• Source data:
--- --- ---
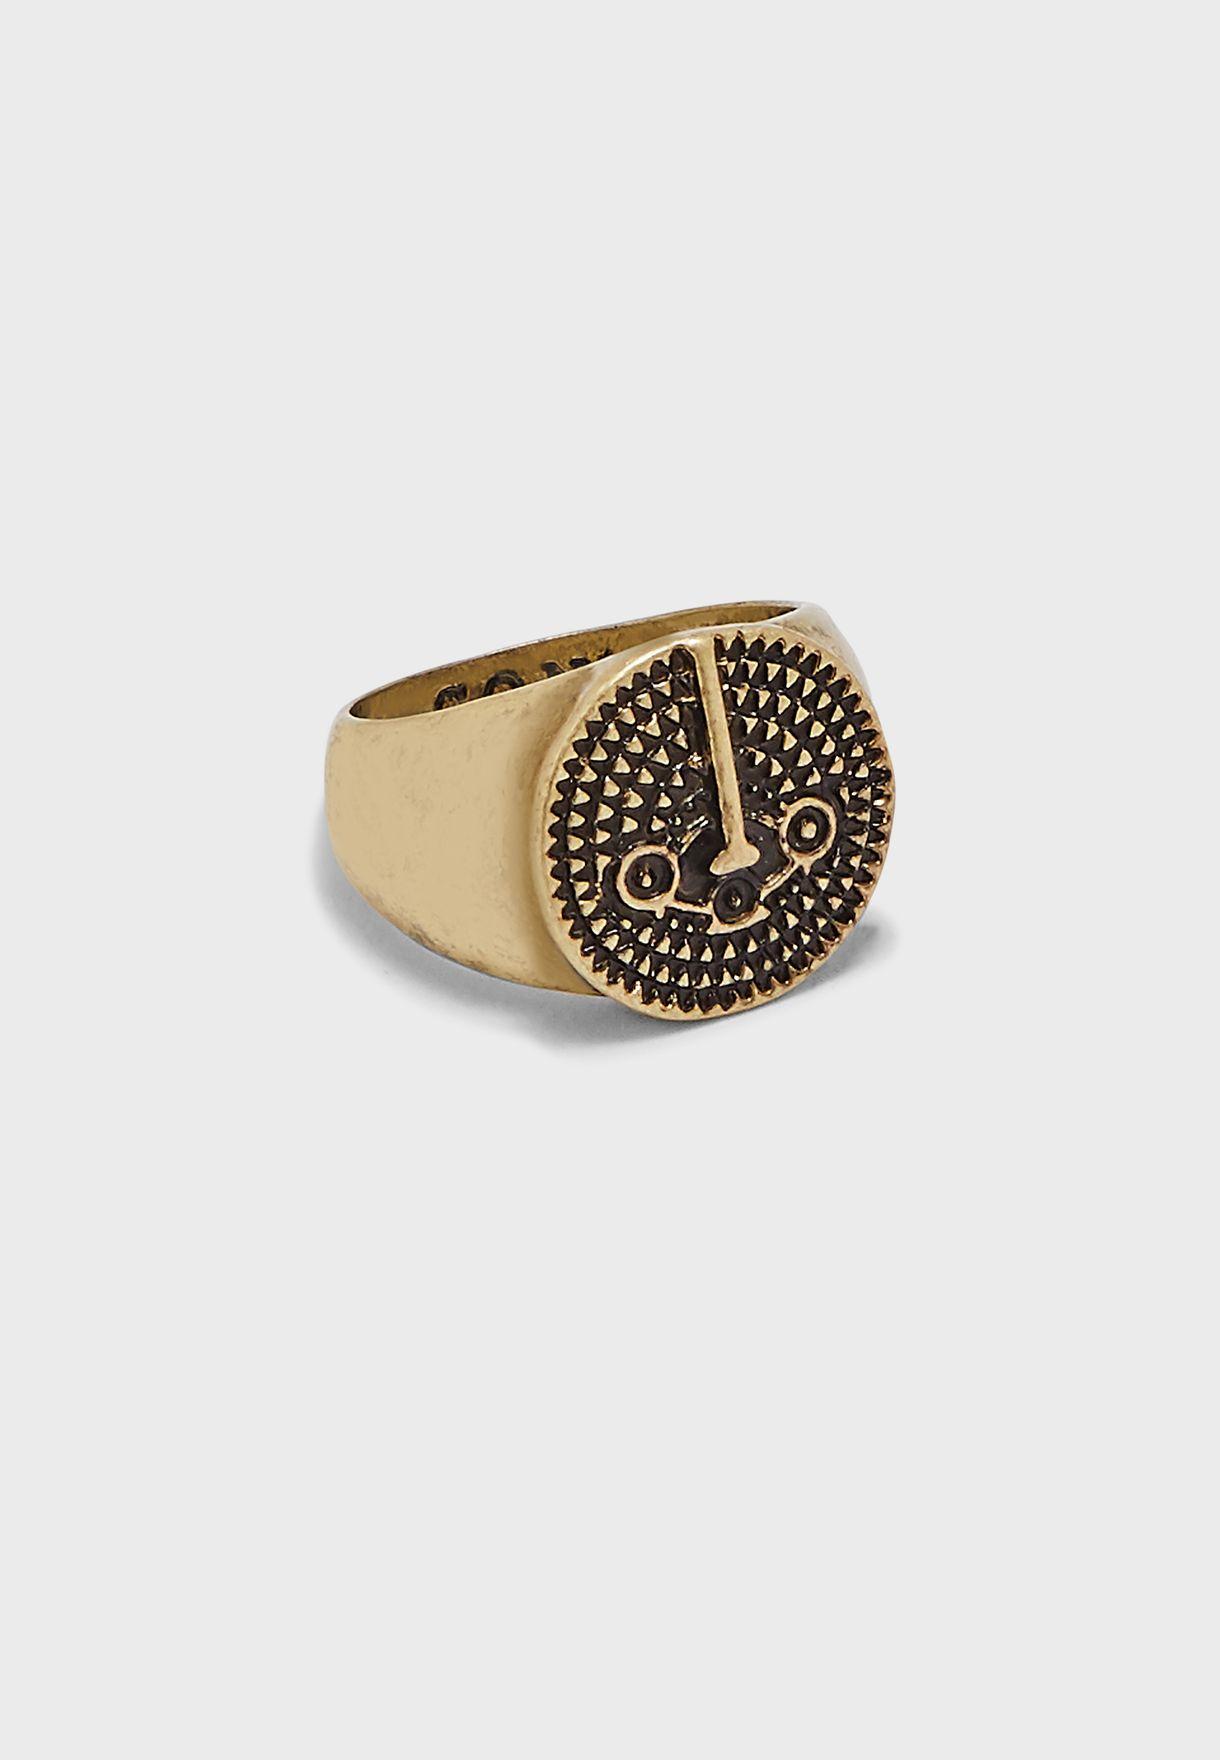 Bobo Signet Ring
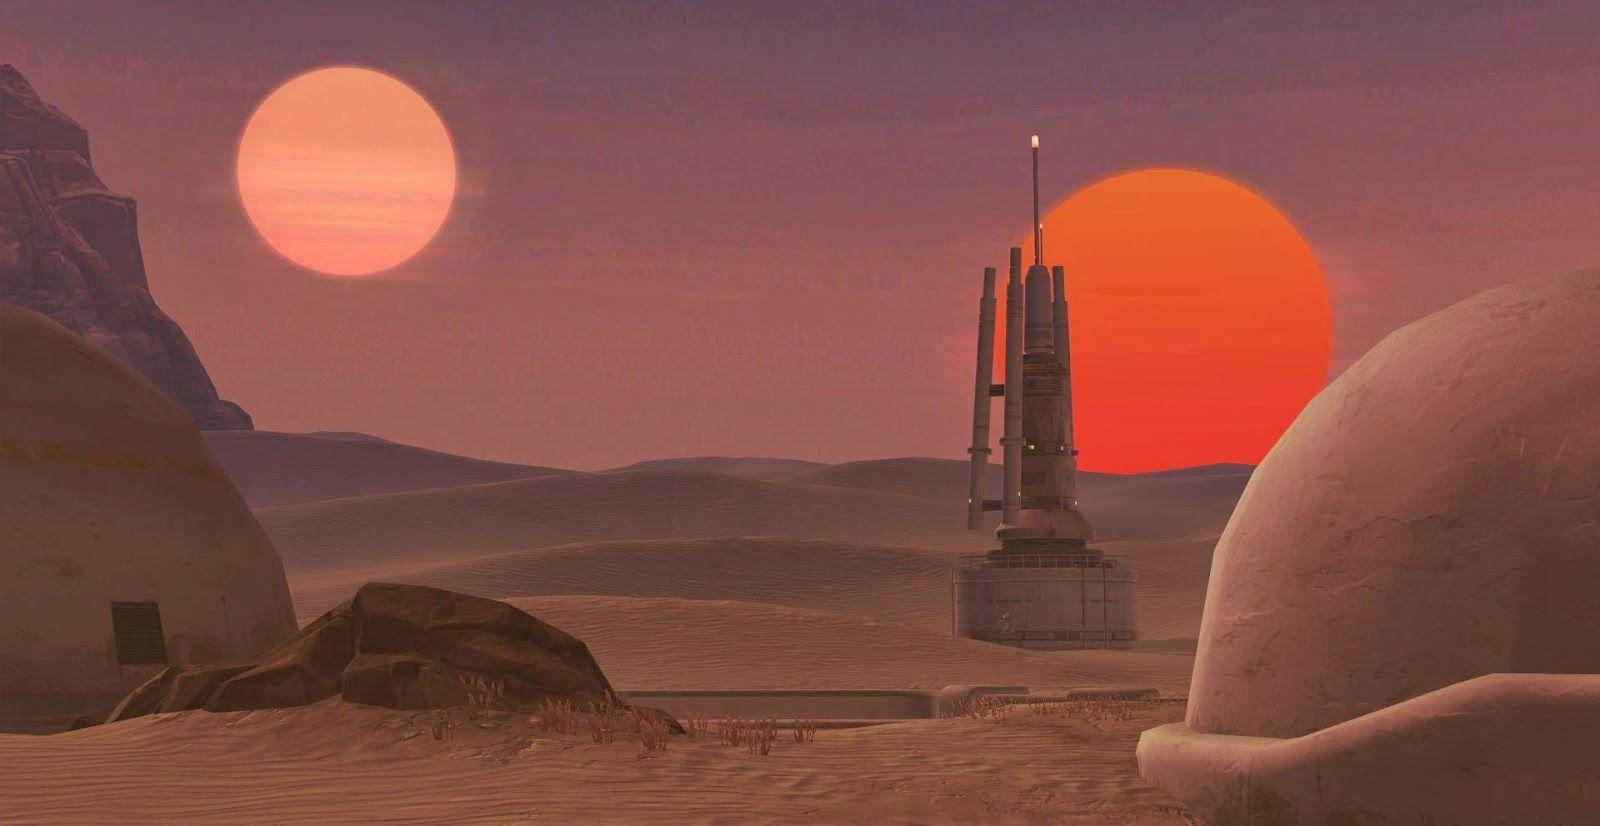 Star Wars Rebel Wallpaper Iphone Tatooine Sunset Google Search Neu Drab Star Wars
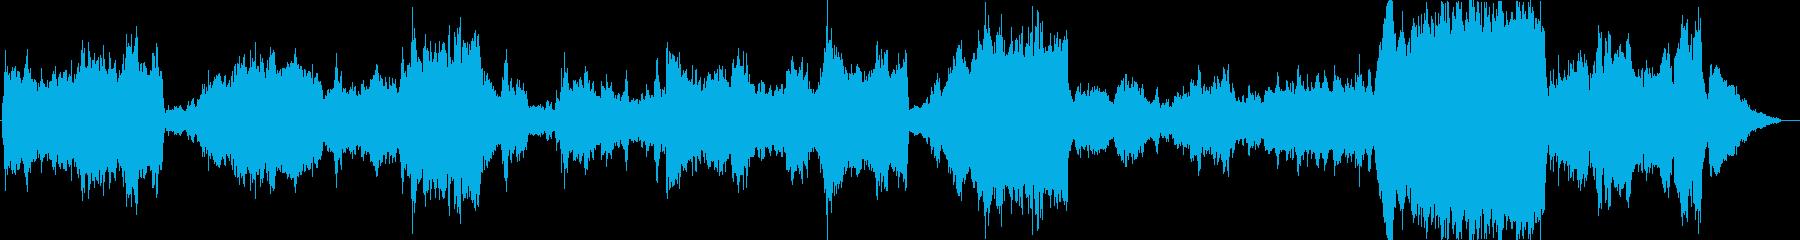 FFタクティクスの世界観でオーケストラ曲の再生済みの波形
--- --- ---
All of the data is to be reproduced exactly, with the pictures left out.

 Bobo Signet Ring
 Star Wars Rebel Wallpaper Iphone Tatooine Sunset Google Search Neu Drab Star Wars
 FFタクティクスの世界観でオーケストラ曲の再生済みの波形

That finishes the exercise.